Sembra giunta al termine "l'avventura" dell'Unione Popolare, il gruppo guidato Maria Di Prato che aveva cercato di raccogliere le firme per un referendum popolare contro gli stipendi d'oro della casta dei parlamentari. A dirla tutta, la "rivoluzione gentile" dell'UP sembrava costruita fin da subito su una mistificazione, su una serie di incongruenze di fondo. Come vi avevamo raccontato qualche giorno fa, infatti, a non convincerci erano molti aspetti di una raccolta firme che sembrava soprattutto una grande operazione politico – mediatica (malgrado una spontanea e genuina mobilitazione sui social network):
Il punto è che questo referendum è “particolare” per una serie di ragioni. In primo luogo andrebbe sottolineato che una riduzione dei compensi ai parlamentari è già “realtà” (modifiche all'indennità stavolta), vergata nero su bianco da modifiche successive al decreto legge del luglio scorso. In questo senso la strada del referendum, ove basterebbe una legge di 2 righe, appare controversa e non del tutto giustificata […] Anche considerando che una consultazione popolare ha un costo non indifferente, che cancellerebbe abbondantemente il “risparmio” ottenuto dall'abolizione della diaria.
C'è poi un problema legato ai tempi, che non possiamo non considerare. Infatti, nel 2013 si voterà per le elezioni politiche e la legge non permette l'indizione di una consultazione referendaria nell'anno precedente, quindi anche un eventuale esame delle firme da parte della Cassazione (ove mai si raggiungesse il numero di 500mila segnature) dovrebbe partire nel 2013.

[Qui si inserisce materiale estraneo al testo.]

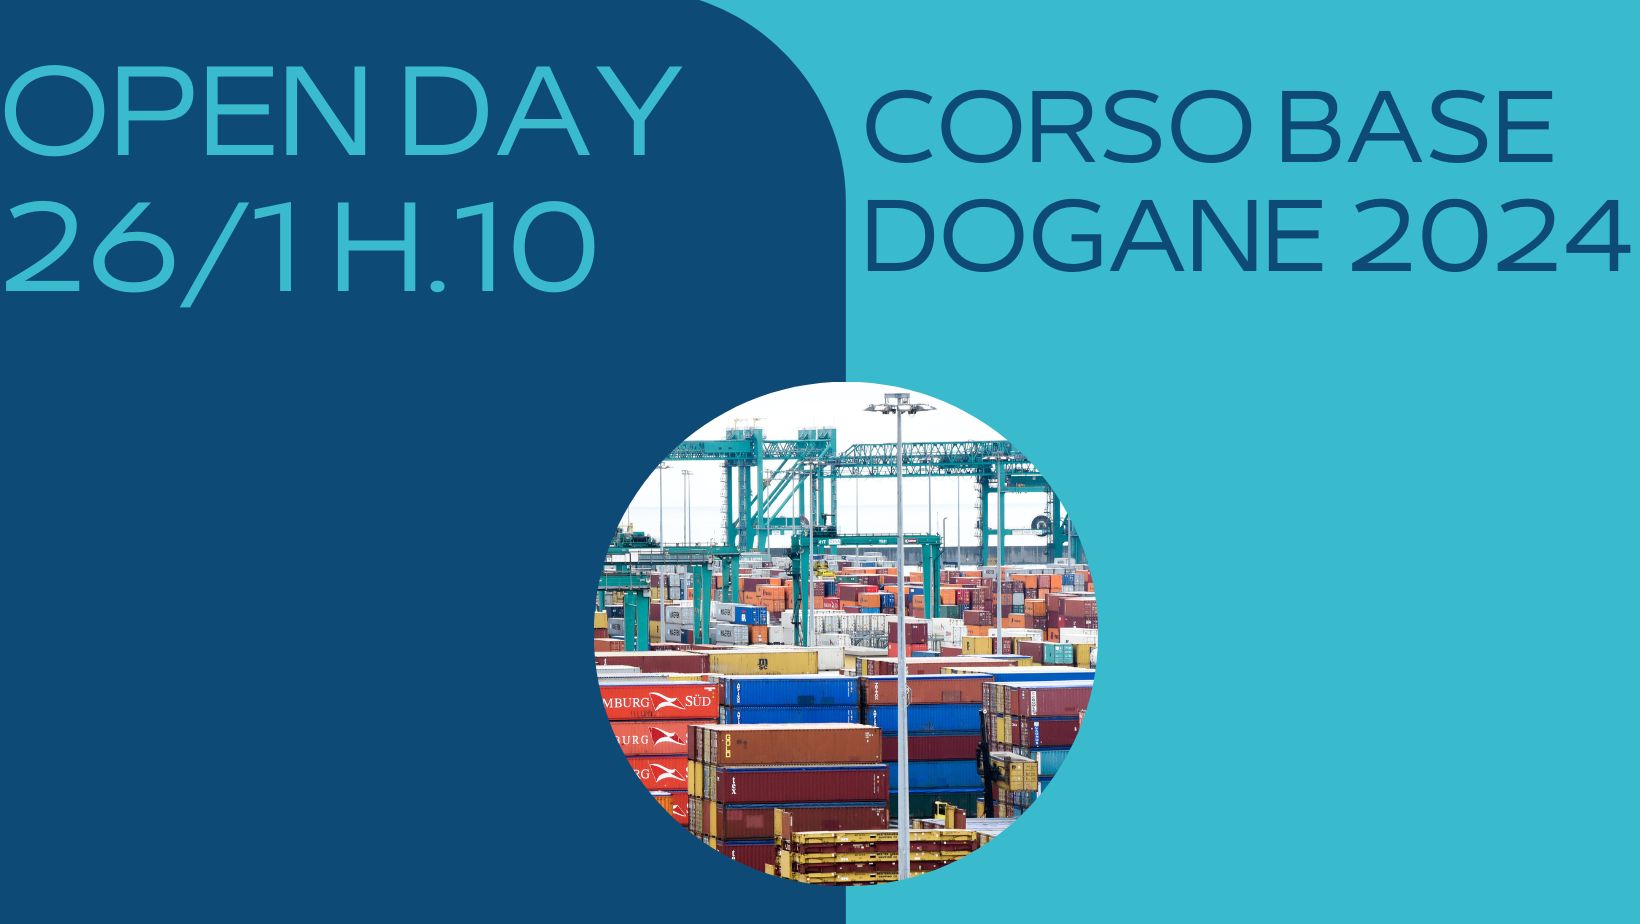 Terza Edizione Corso Base Dogane 2024 open day

Il pasticcio sulle firme è poi divenuto di dominio pubblico e nell'affollatissimo gruppo facebook di Unione Popolare sono volati gli stracci, come si suol dire. Tanto che una sorpresa Maria Di Prato si è poi affrettata a chiarire la situazione, nonché la volontà di Unione Popolare di "andare avanti". Chiarire si fa per dire, ovviamente. Perché il video in cui si ribadisce che "il referendum è valido" è tutto fuori che chiarificatore, dal momento che evita accuratamente di toccare alcuni punti cruciali dell'intera vicenda. In primo luogo non spiega il perché la comunicazione sia stata così fuorviante e come si possa concepire un rapporto fiduciario con i firmatari basato su una mistificazione di fondo che equipara stipendi, indennità e diaria (basti solo la description del gruppo fb a testimoniarlo: Il pesce puzza sempre dalla testa e noi cittadini comuni, stufi delle promesse da marinaio dei deputati e avendo una dignita' come individui abbiamo deciso di abrogare i loro favolosi stipendi) . Ma soprattutto non chiarisce alcuni aspetti essenziali, altro che "in divenire" (e per una bella ricostruzione dell'intera vicenda si veda anche il post di Andrea Zitelli su valigiablu):
- Che fine faranno le firme raccolte finora?
- Che cosa le fa pensare che la legge che vieta la deposizione di una richiesta di referendum un anno prima delle elezioni politiche sia incostituzionale?
- Che vuol dire "raccoglieremo le firme anche ad ottobre?". E' rispettoso nei confronti dei tanti cittadini le cui firme andranno al macero?
- Come mai non hanno chiesto pareri autorevoli prima di gettarsi a capofitta in una raccolta – spot?
- Si rende conto che per evitare uno spreco di centinaia di milioni di euro basterebbe una leggina di due righe? (anche di "iniziativa popolare", tra l'altro)
Insomma contraddizioni ed errori che, assieme ai dubbi "politici" (sinceramente non crediamo che serva un referendum per decidere sugli "stipendi" di chicchessia, in particolare dei nostri rappresentanti), ridimensionano di molto la pretesa rivoluzione gentile del comitato (che si affanna sempre a presentarsi come "unico promotore" dell'iniziativa). Promotori che non possono nemmeno lamentarsi più di tanto, dal momento che cavalcando il "populismo ai tempi dei social network" hanno già avuto i loro dieci minuti di celebrità. Ora sarebbe il caso di tornare a discutere di cose serie. Altro che complotti mediatici.